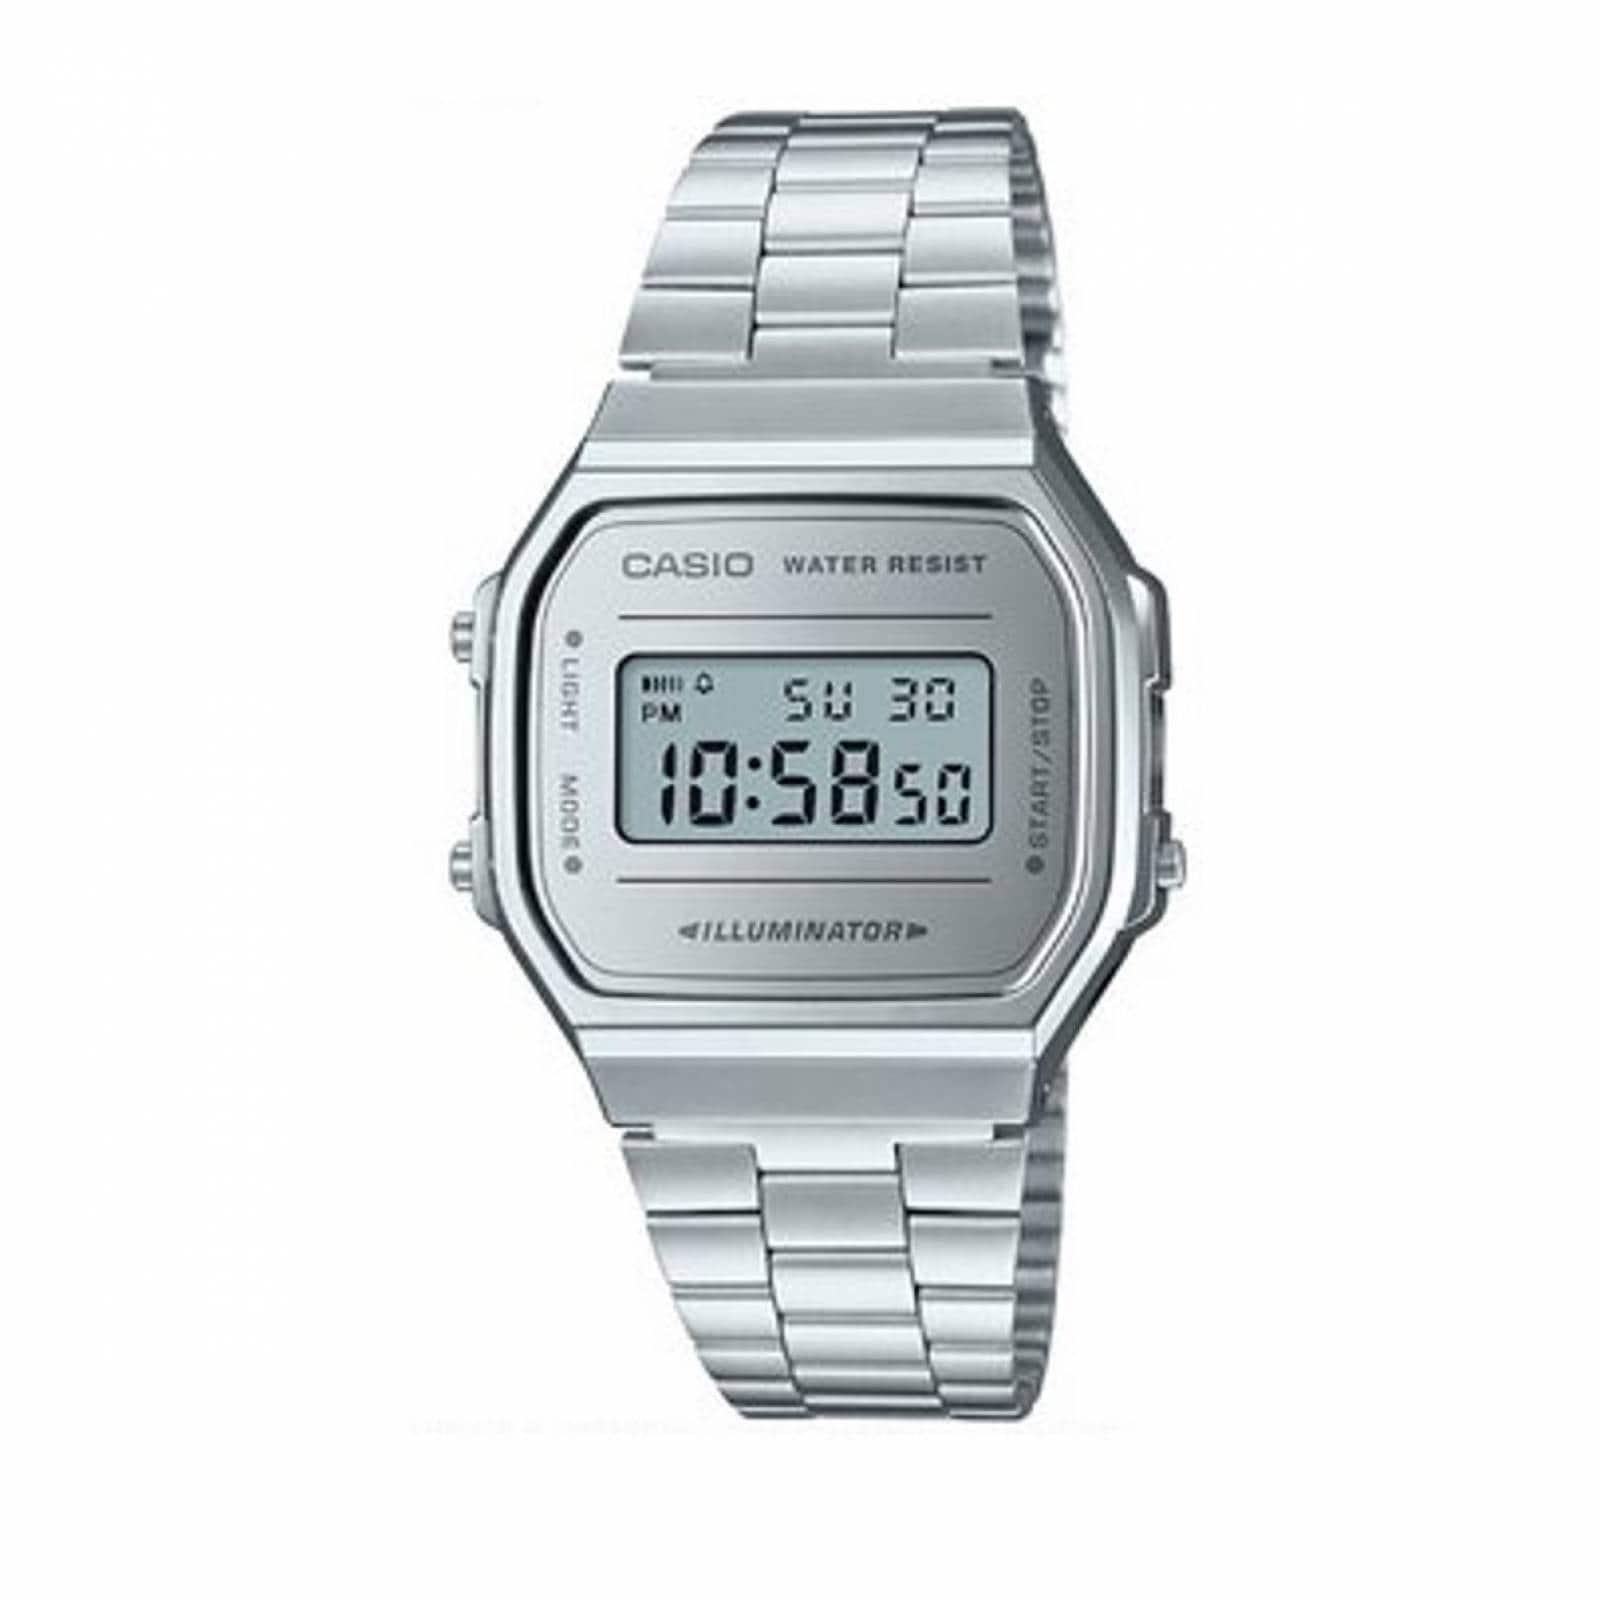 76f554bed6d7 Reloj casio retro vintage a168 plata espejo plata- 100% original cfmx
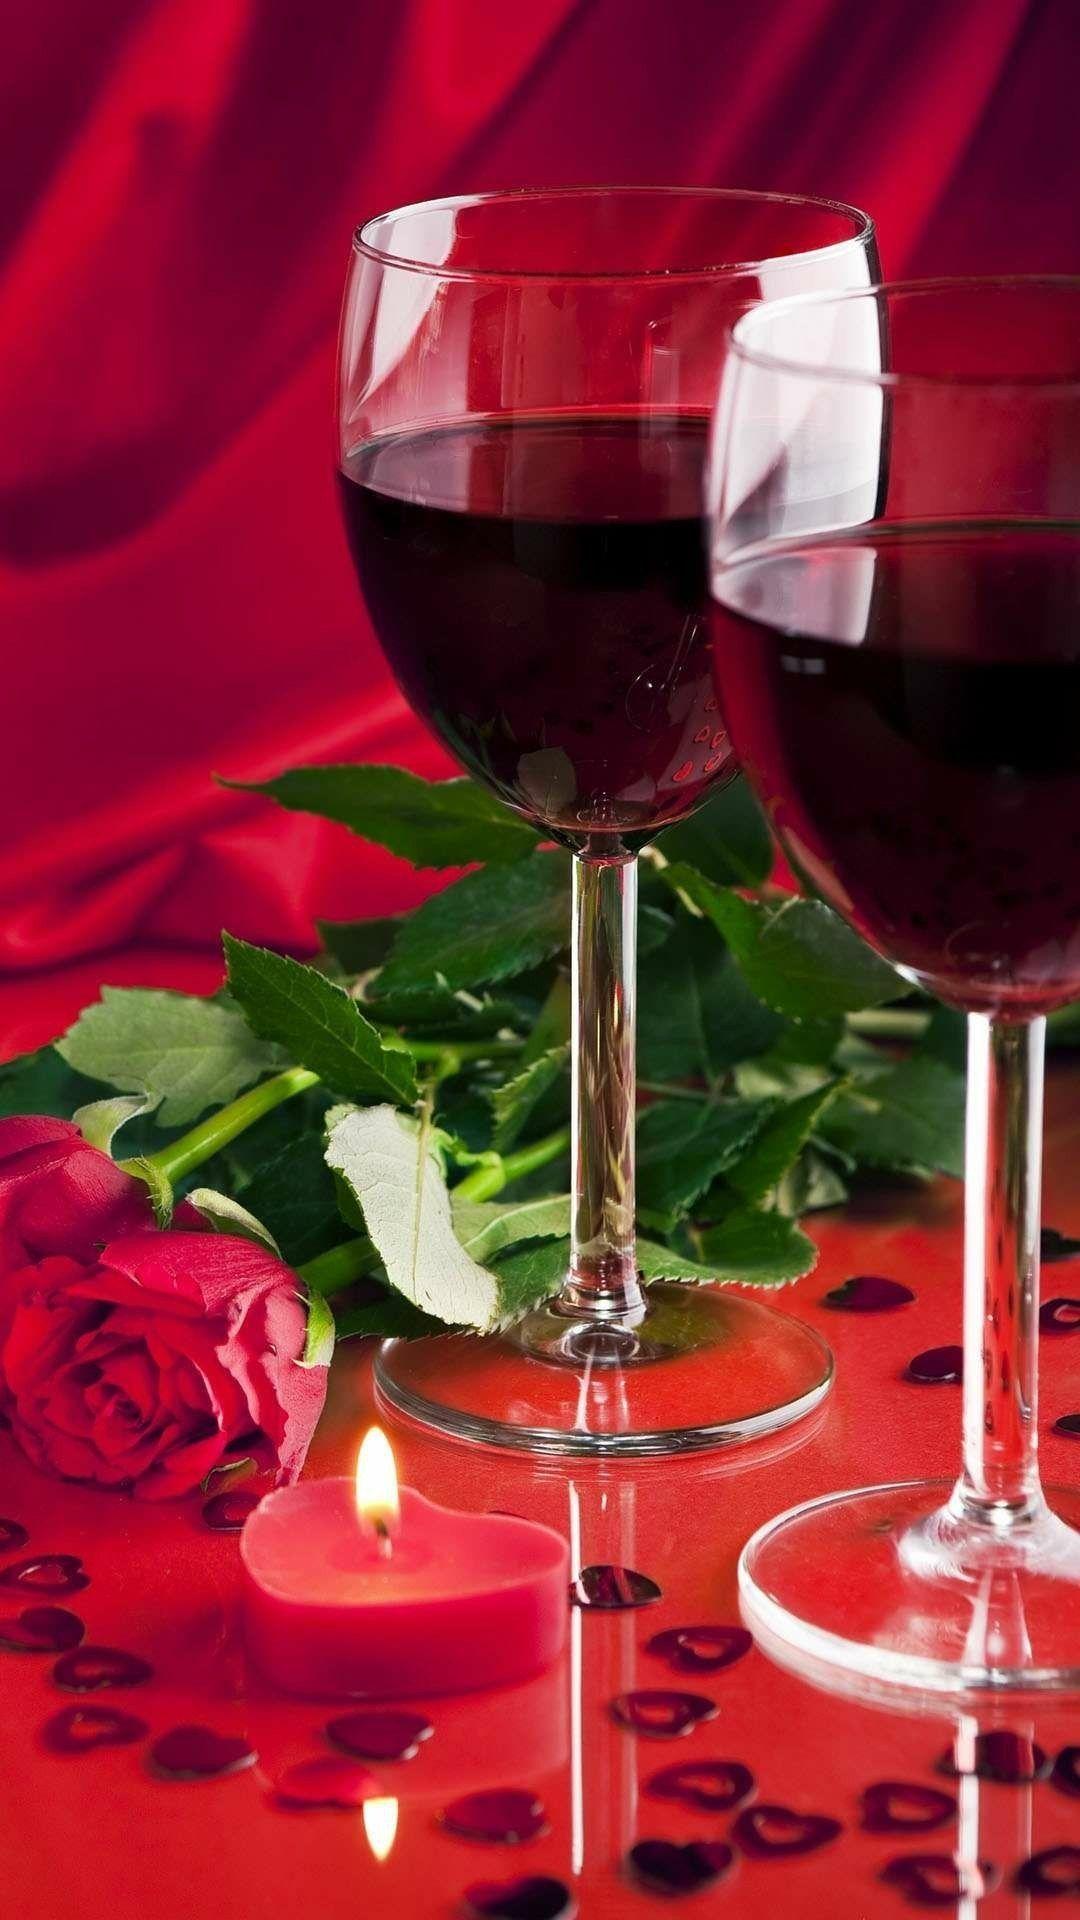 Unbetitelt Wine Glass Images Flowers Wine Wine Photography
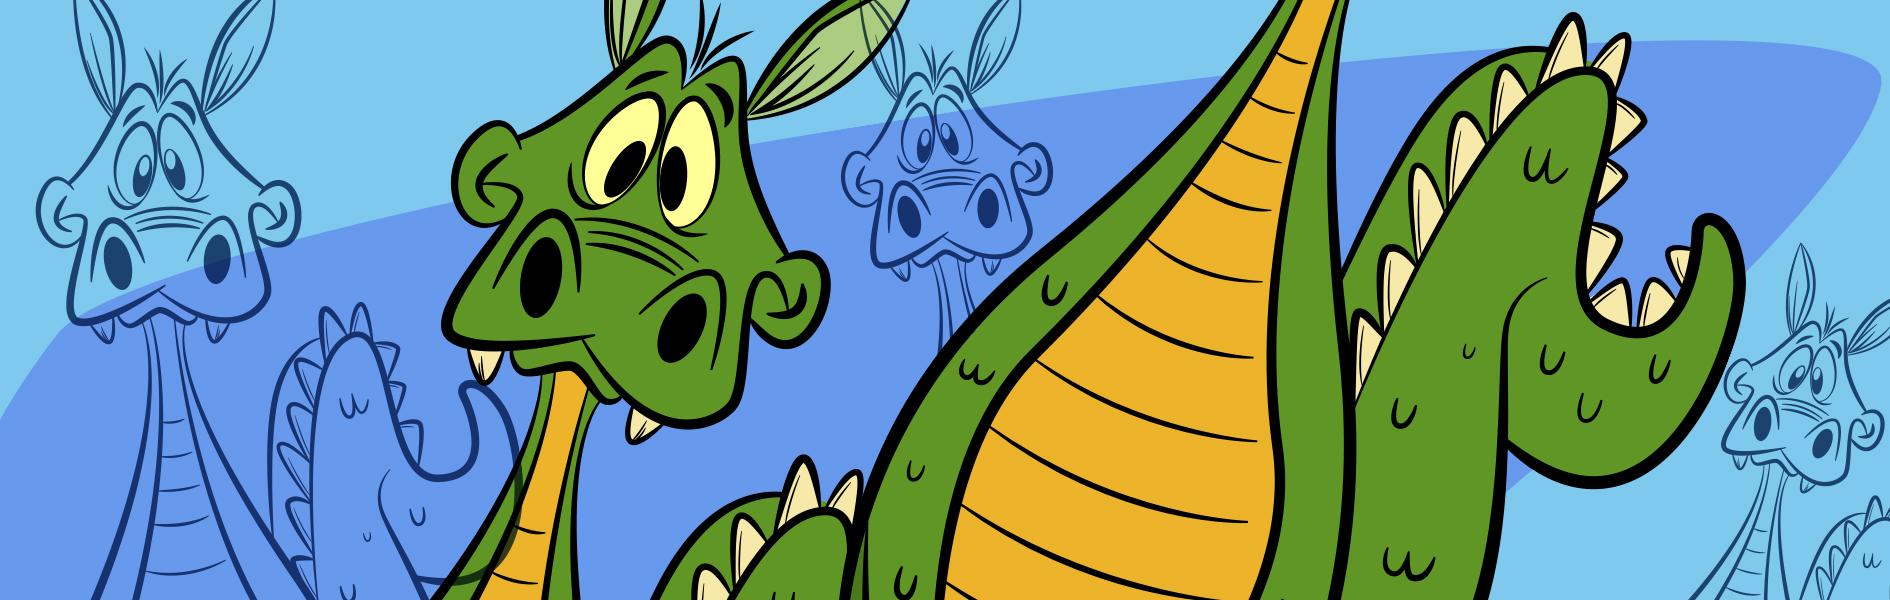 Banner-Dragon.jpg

**WHAT IS BEING ASKED**
Both the line containing "Unbetitelt Wine Glass" and the last line of the listing above belong in the copy, along with every line between them; retype them exactly and omit the pictures.

**RESULT**
 Unbetitelt Wine Glass Images Flowers Wine Wine Photography
 Banner-Dragon.jpg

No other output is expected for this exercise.